(Task requirements)
Search the listing below for the line containing "Free Tourism Analyst". From there through the line containing "Anschluß-Markierungsfahne Großbritannien Briten", transcribe every line exactly, both ends included.

(Records provided)
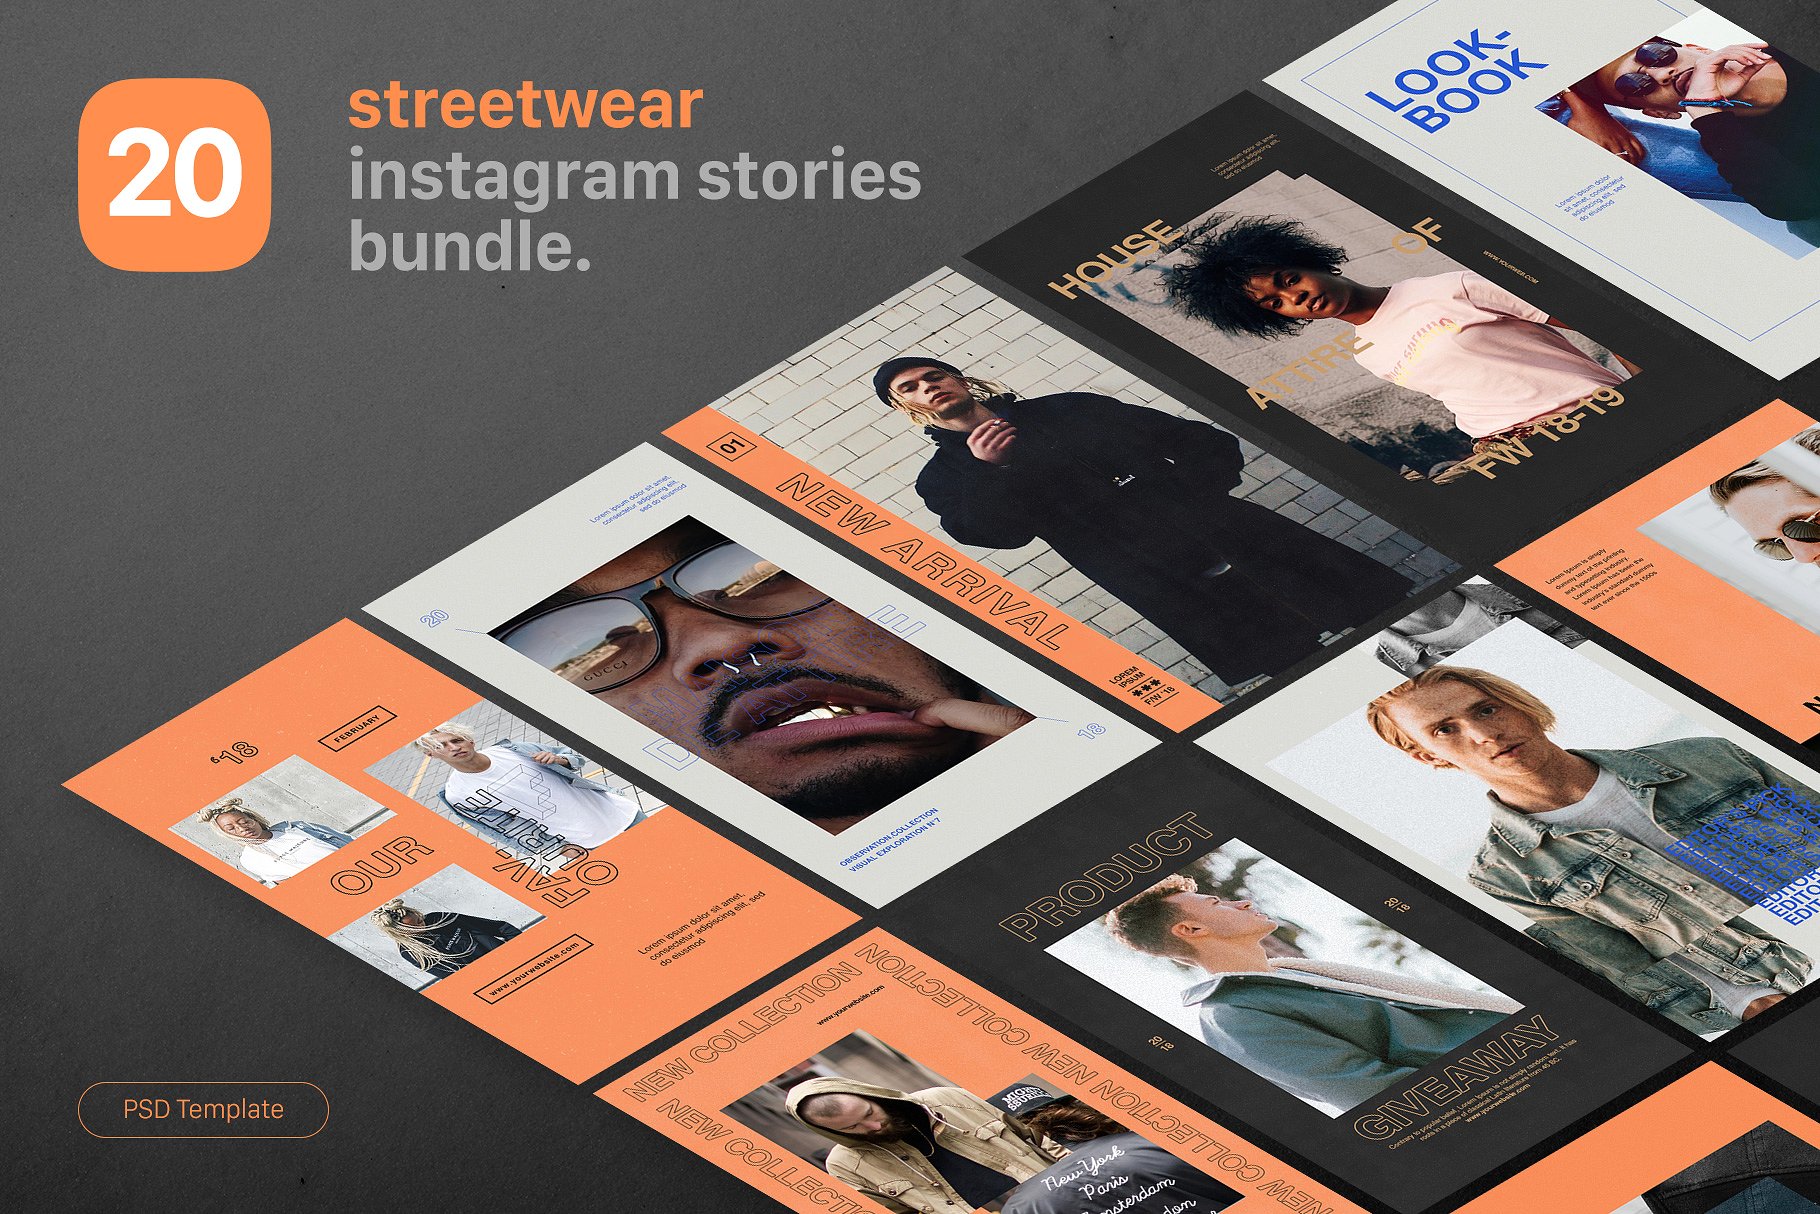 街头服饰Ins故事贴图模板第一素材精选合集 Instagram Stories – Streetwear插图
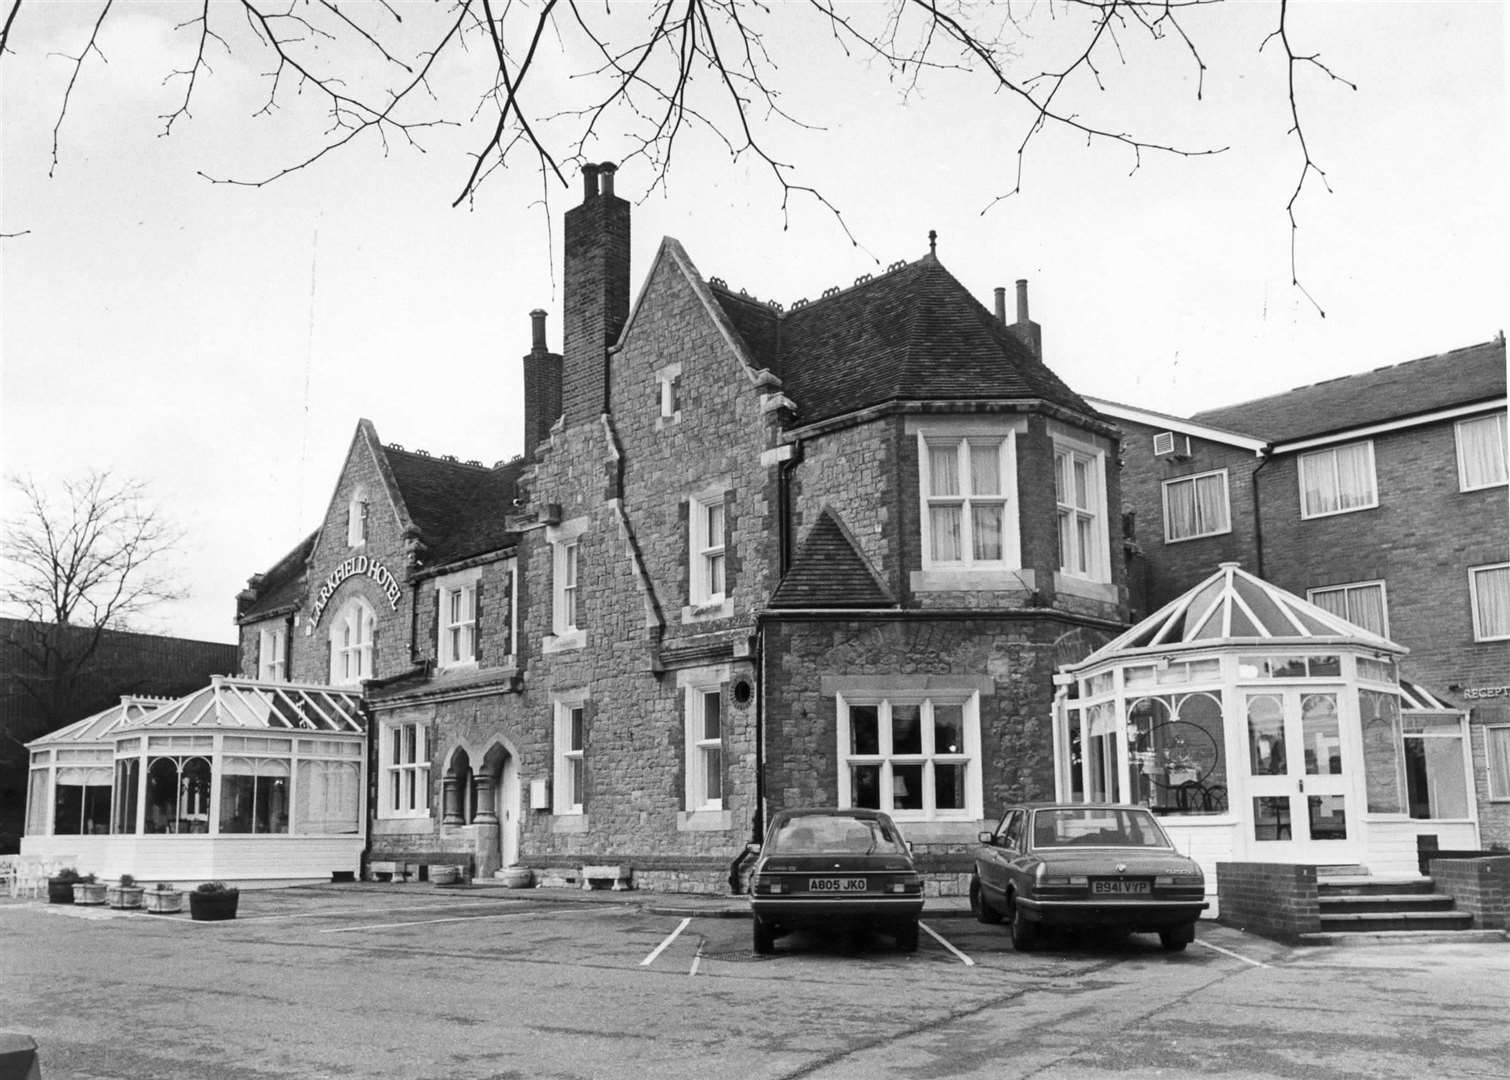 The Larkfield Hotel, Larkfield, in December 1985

* * *

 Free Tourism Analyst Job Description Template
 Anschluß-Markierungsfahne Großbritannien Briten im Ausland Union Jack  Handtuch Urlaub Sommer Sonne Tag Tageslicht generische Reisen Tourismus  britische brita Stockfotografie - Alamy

--

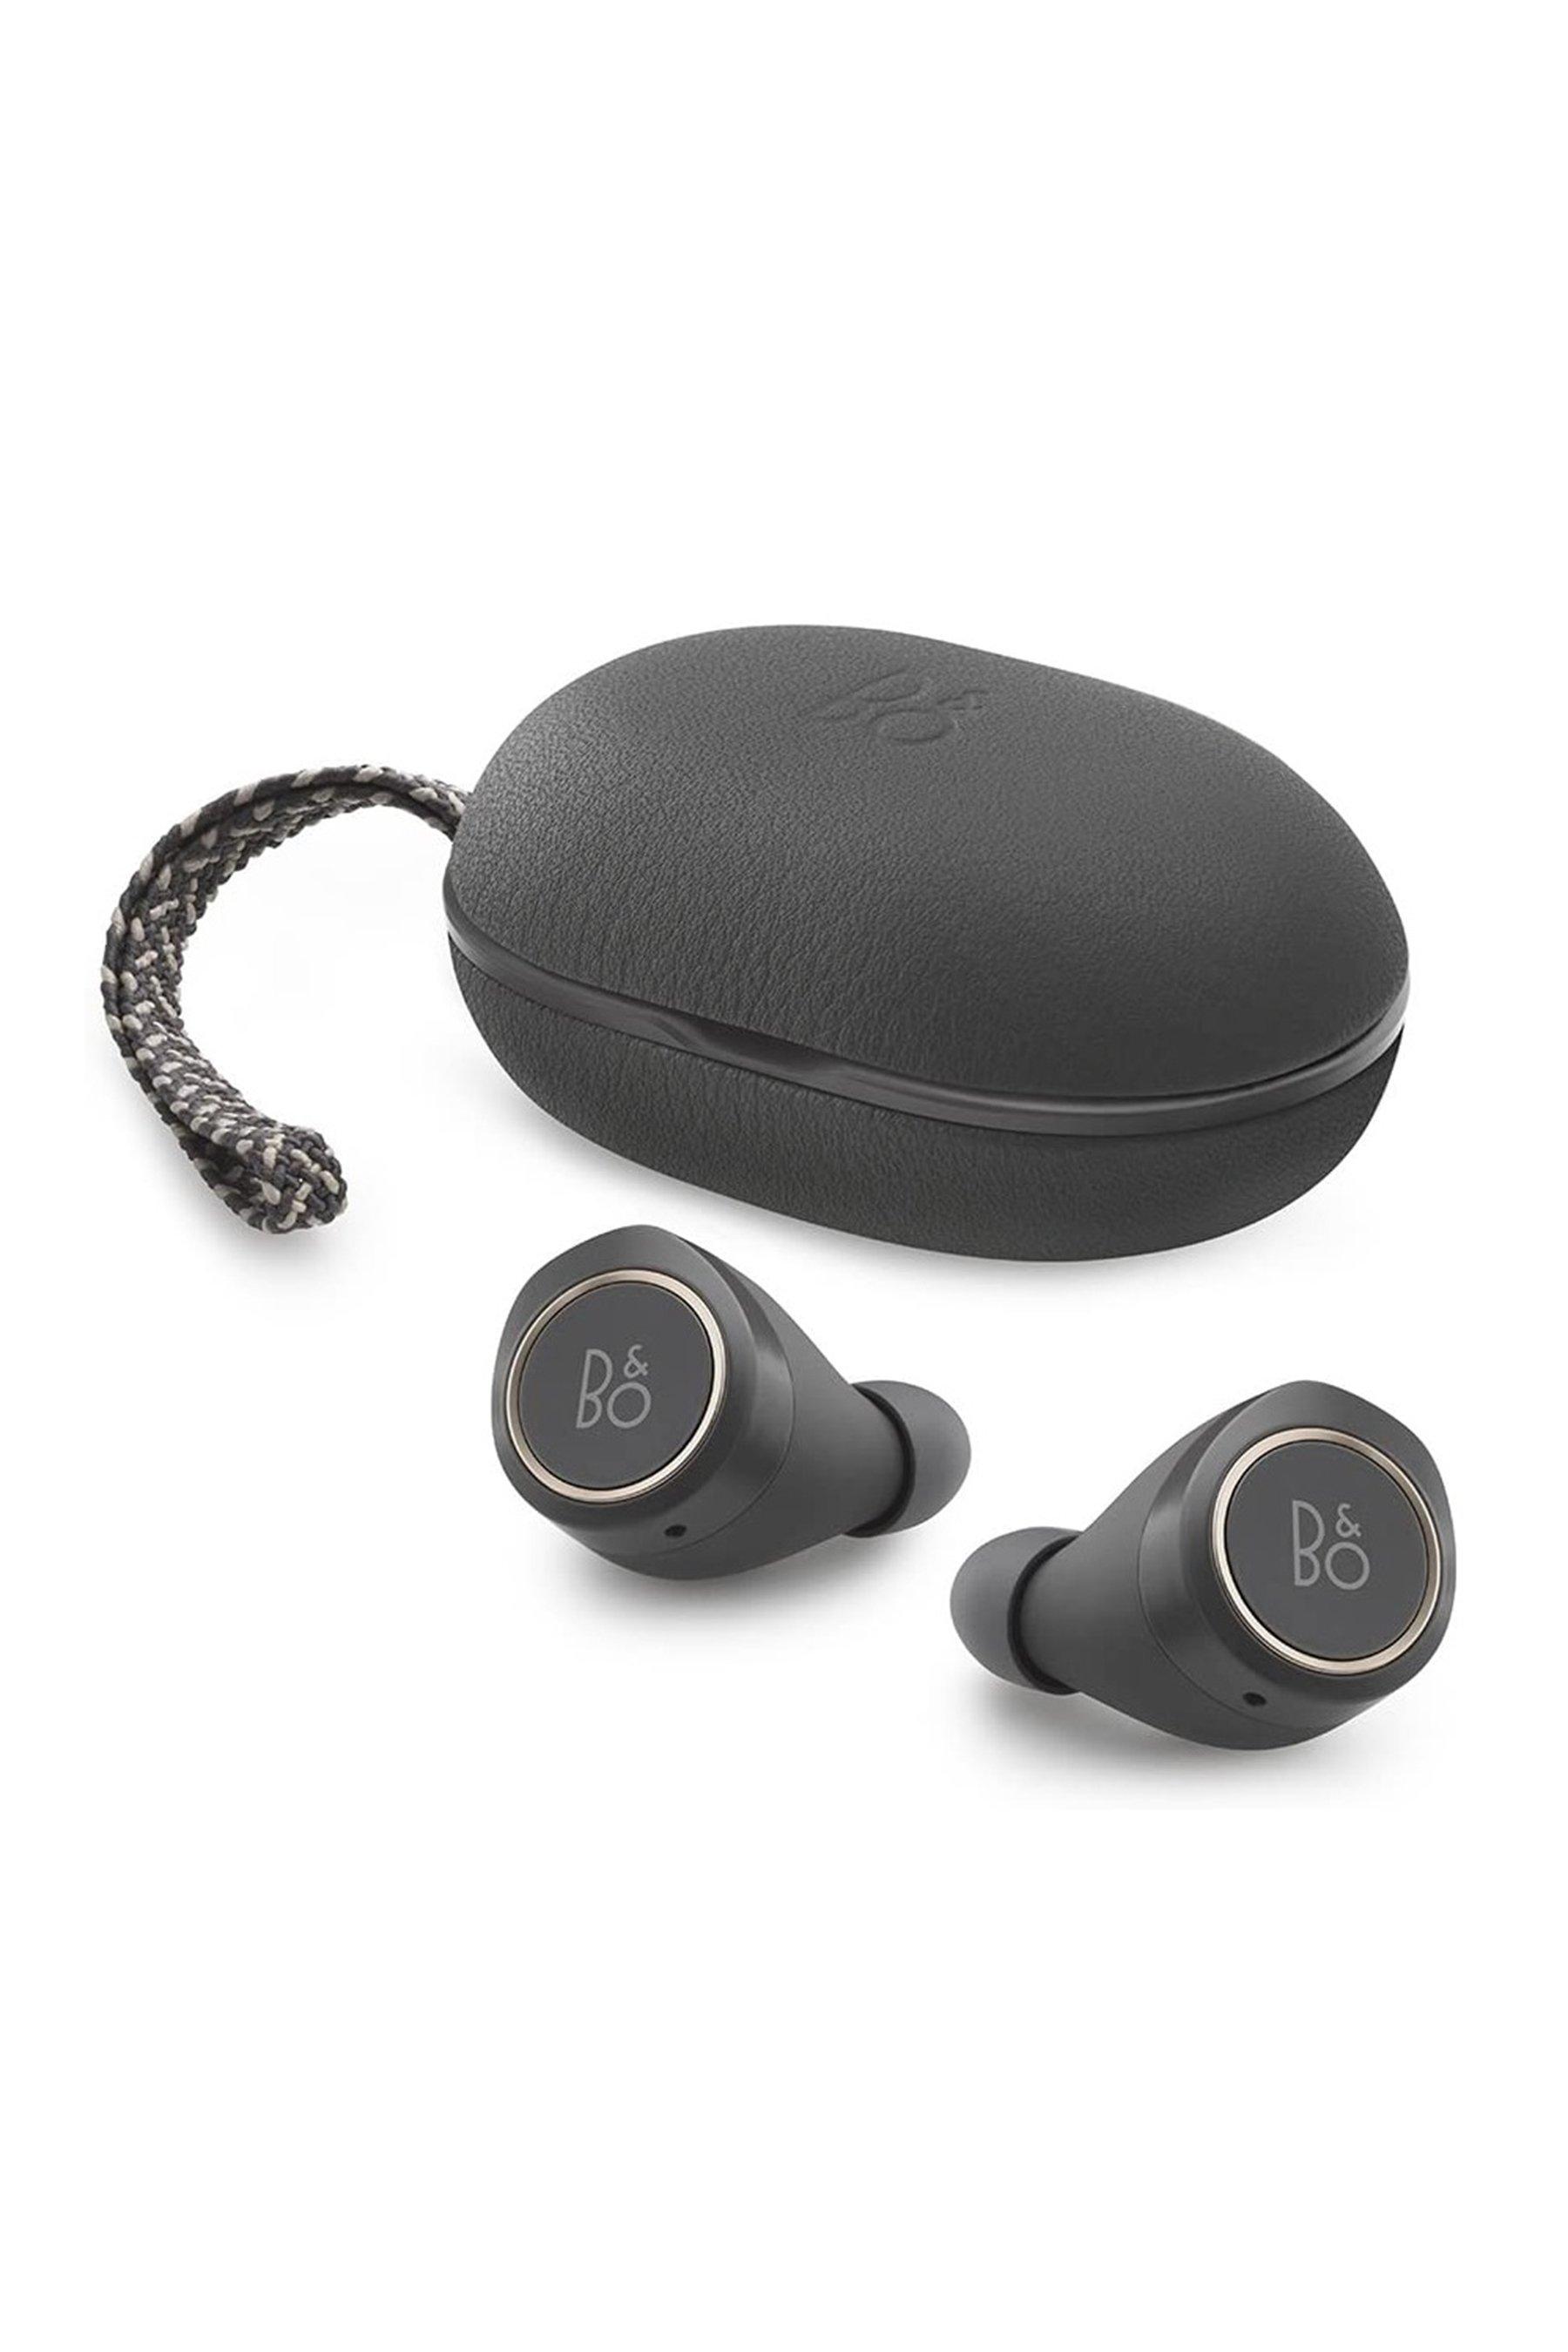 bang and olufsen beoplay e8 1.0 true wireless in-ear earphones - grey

(Answer box)
 Free Tourism Analyst Job Description Template
 Anschluß-Markierungsfahne Großbritannien Briten im Ausland Union Jack  Handtuch Urlaub Sommer Sonne Tag Tageslicht generische Reisen Tourismus  britische brita Stockfotografie - Alamy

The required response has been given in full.